@thaiguy
„Fahr mal nach Kambodscha und sieh Dich um. Im Gegensatz zu Dir bin ich da seit über 20 Jahren unterwegs.“
Ein häufiger Trugschluss: Nur weil man lange irgendwo lebt oder regelmäßig dort ist, versteht man nicht automatisch komplexe politische oder sicherheitsrelevante Entwicklungen. Ich kenne Leute, die leben seit 30 Jahren in Deutschland – und könnten dennoch die Funktionsweise der Automobilindustrie oder den Bundeshaushalt nicht erklären. Dauer ersetzt keine Analyse.
„Die Scam-Zentren stehen leider immer noch.“
Dass einzelne Gebäude stehen, bedeutet nicht, dass die operative Struktur im bisherigen Umfang funktioniert. Scam-Operationen sind hochgradig vernetzt – Störungen an Knotenpunkten (Datenverkehr, Geldflüsse, SIM-Karten) reichen aus, um sie massiv in ihrer Effizienz zu schwächen. Genau das berichten thailändische Sicherheitsbehörden, internationale Medien und NGOs übereinstimmend.
Du fährst also regelmäßig bei den Scam-Zentren vorbei, winkst kurz rein und prüfst, ob die Geldströme noch sprudeln? Sehr engagiert. Oder wie kommst du zu deinen „Erkenntnissen“?
Ich frag nur, weil: SIM-Karten funktionieren → Scam lebt ist etwa so logisch wie: Auto fährt → Stau gibt’s keinen.
Wenn das deine Beweiskette ist, dann gute Nacht, Aufklärung.
„Meine Konten funktionieren, der Zahlungsverkehr läuft.“
Und was genau soll das belegen? Wenn deine persönliche SIM-Karte funktioniert, heißt das nicht, dass die zigtausend Prepaid-Karten, die in Scam-Zentren verwendet wurden, ebenfalls ungestört weiterlaufen. Das ist, mit Verlaub, eine anekdotische Scheinargumentation.

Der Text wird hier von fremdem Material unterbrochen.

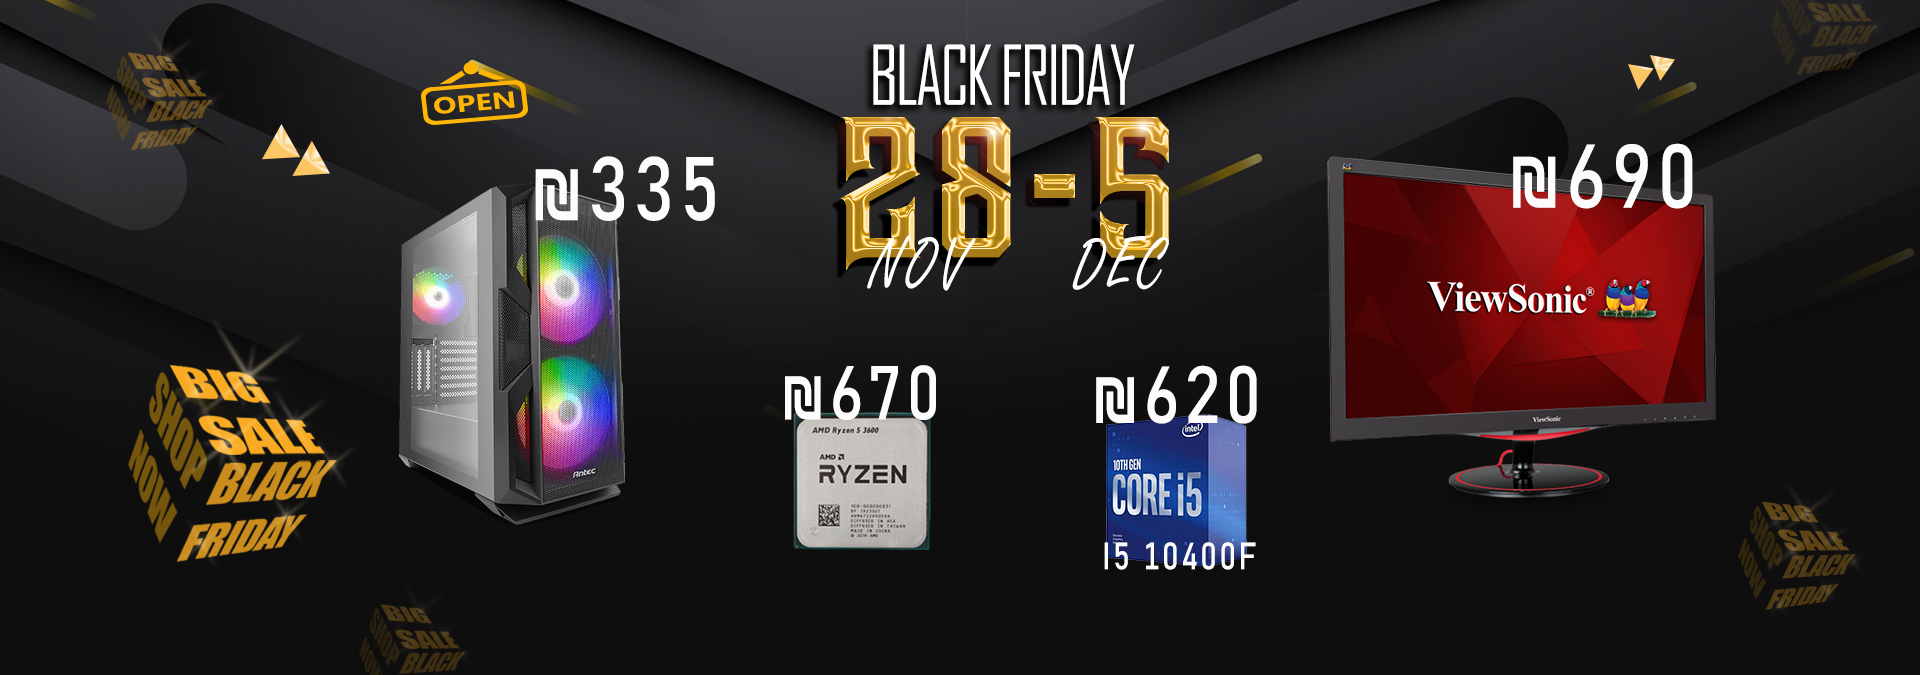 Black Friday Sale (1)

„Der Gedanke, dass Thailand das kambodschanische Telefonnetz über die Ausgabe von SIM-Karten kontrolliert oder auch nur beeinflusst, ist einfach idiotisch.“
Niemand behauptet, dass Thailand das gesamte kambodschanische Netz kontrolliert. Aber: Die Callcenter riefen mit thailändischen Nummern an, über Netze, die physisch und vertraglich von Thailand aus liefen. Und genau dort hat man angesetzt – mit einer Kappung der Internetverbindungen, der SIM-Nachverfolgung und Kontrollen an der Grenze. [Quelle u. a. Bangkok Post, ThaiPBS, East Asia Forum.]

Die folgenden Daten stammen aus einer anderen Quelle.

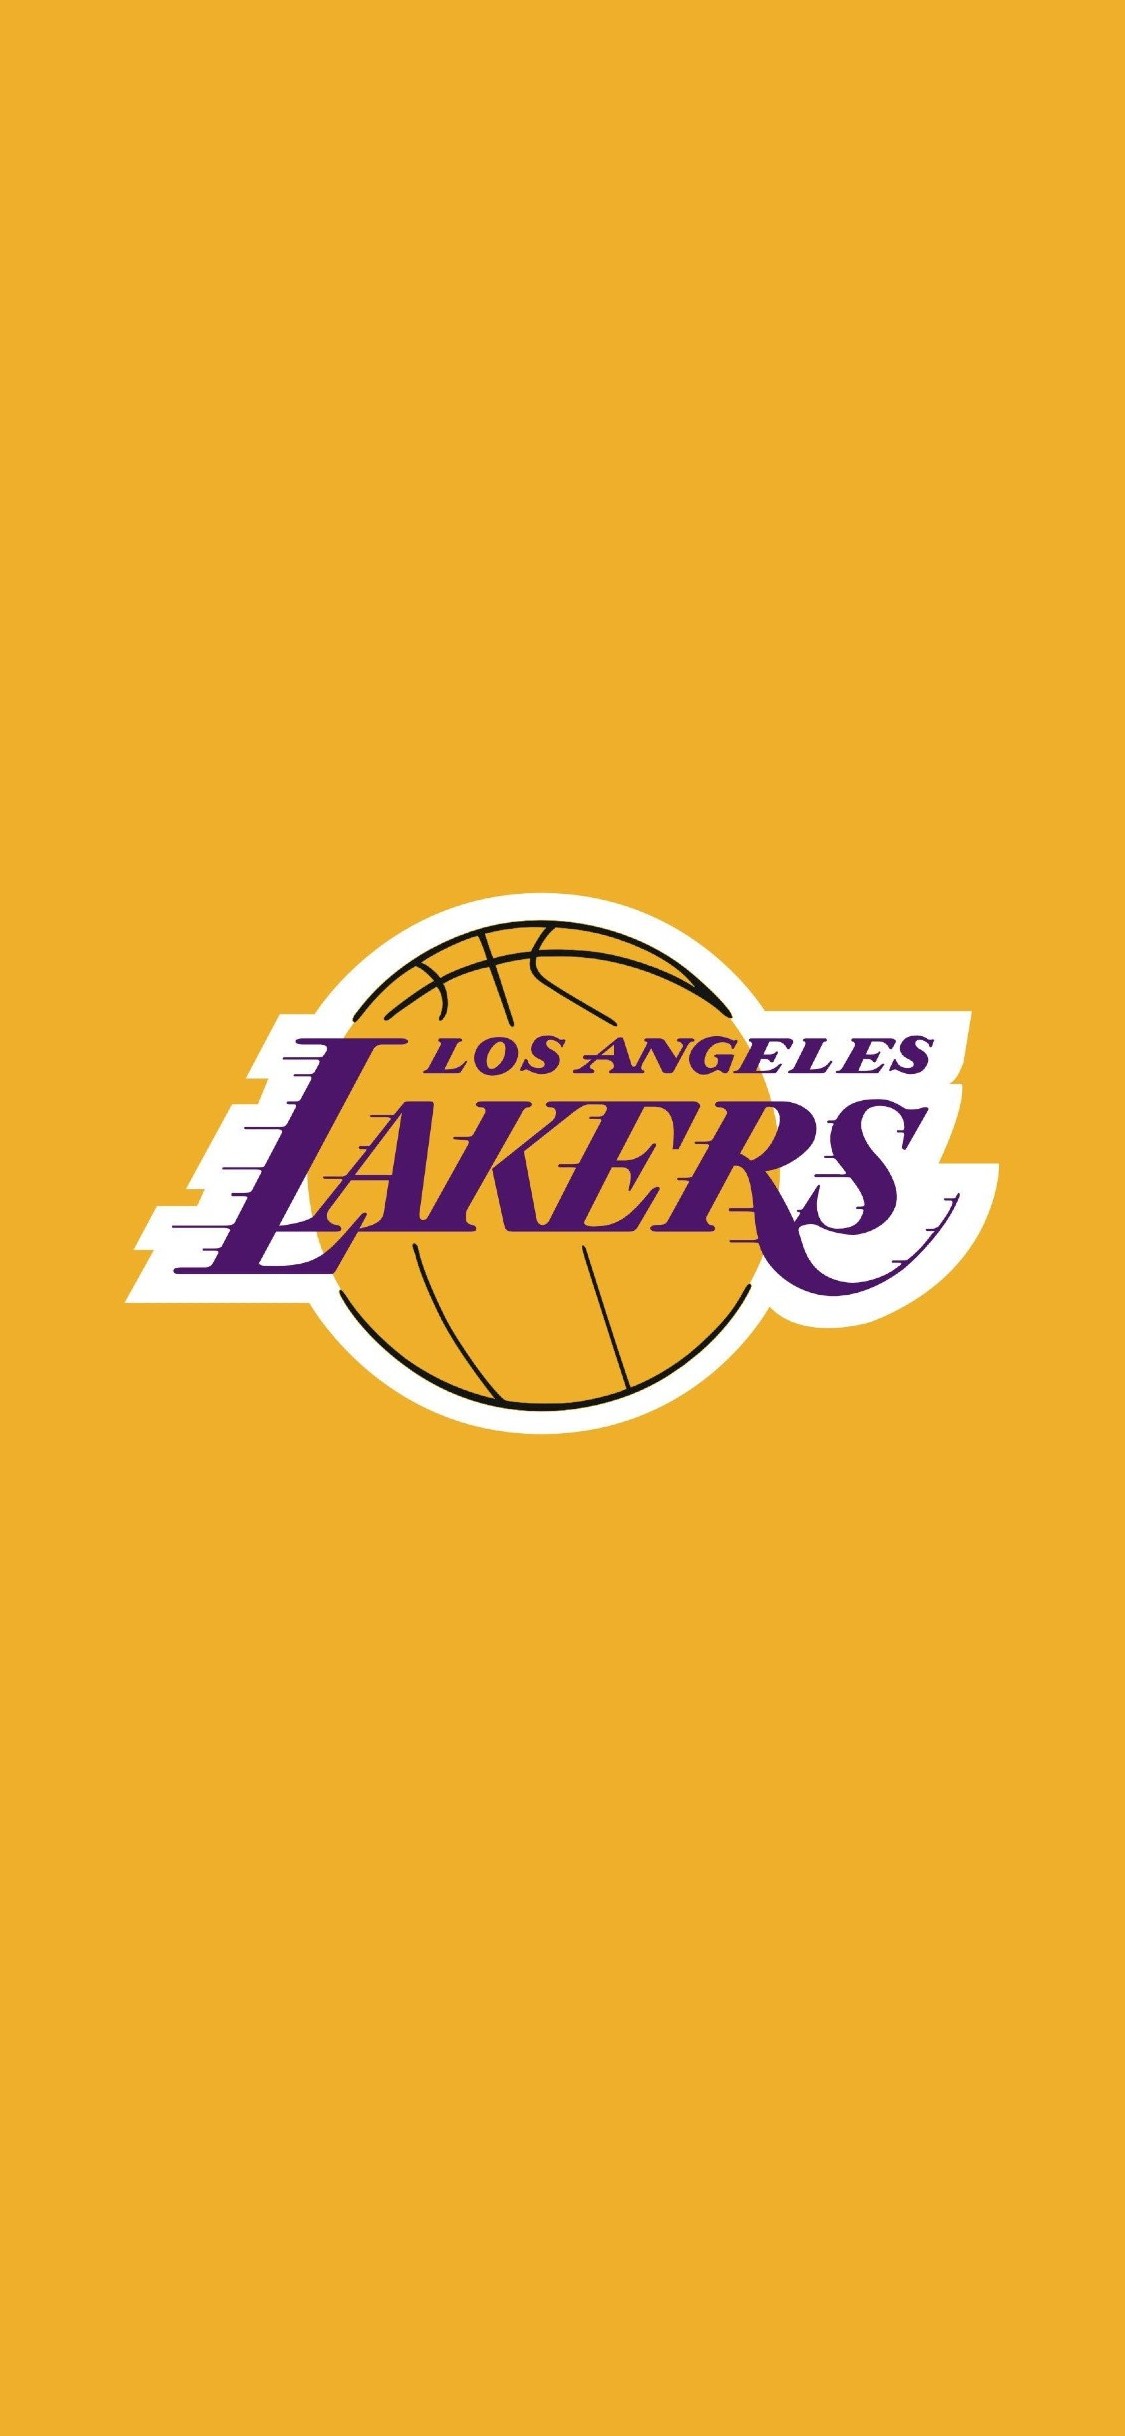 Los Angeles Lakers バスケ Iphone Xs 壁紙 待ち受け Sumaran

'Der Strom ist auch noch da.“
Dass Strom (noch) fließt, ändert nichts daran, dass die Drohung im Raum stand – inklusive konkreter diplomatischer Schritte, wie sie öffentlich durch die Regierung kommuniziert wurden. Auch das ist dokumentiert. Thailand spielt die Druckmittel aus – dosiert, aber sichtbar.
Also diese idiotischen Behauptungen sind etwas für Gemüter, die so etwas glauben wollen.“
Die Maßnahmen wurden öffentlich gemacht, durch Medien bestätigt, und in Teilen bereits umgesetzt. Wer daran zweifelt, müsste belastbare Gegenevidenz liefern – nicht persönliche Eindrücke und Spekulationen. Es geht hier um faktenbasierte Bewertung, nicht um Bauchgefühl oder Lokalpatriotismus.
Fazit:
Die thailändische Regierung hat – mit Rückendeckung höchster politischer Stellen – die Bekämpfung der Scam-Industrie zur Priorität erklärt. Und wer die Familie Shinawatra kennt, weiß: Wenn etwas zur Chefsache wird, dann mit Nachdruck. Hun Sen weiß das übrigens auch.
Vielleicht konzentrierst du dich künftig wieder auf das Zitieren von Presseartikeln – darin bist du wirklich gut. Bei eigenen Einschätzungen hingegen wirkt es leider zunehmend dünn.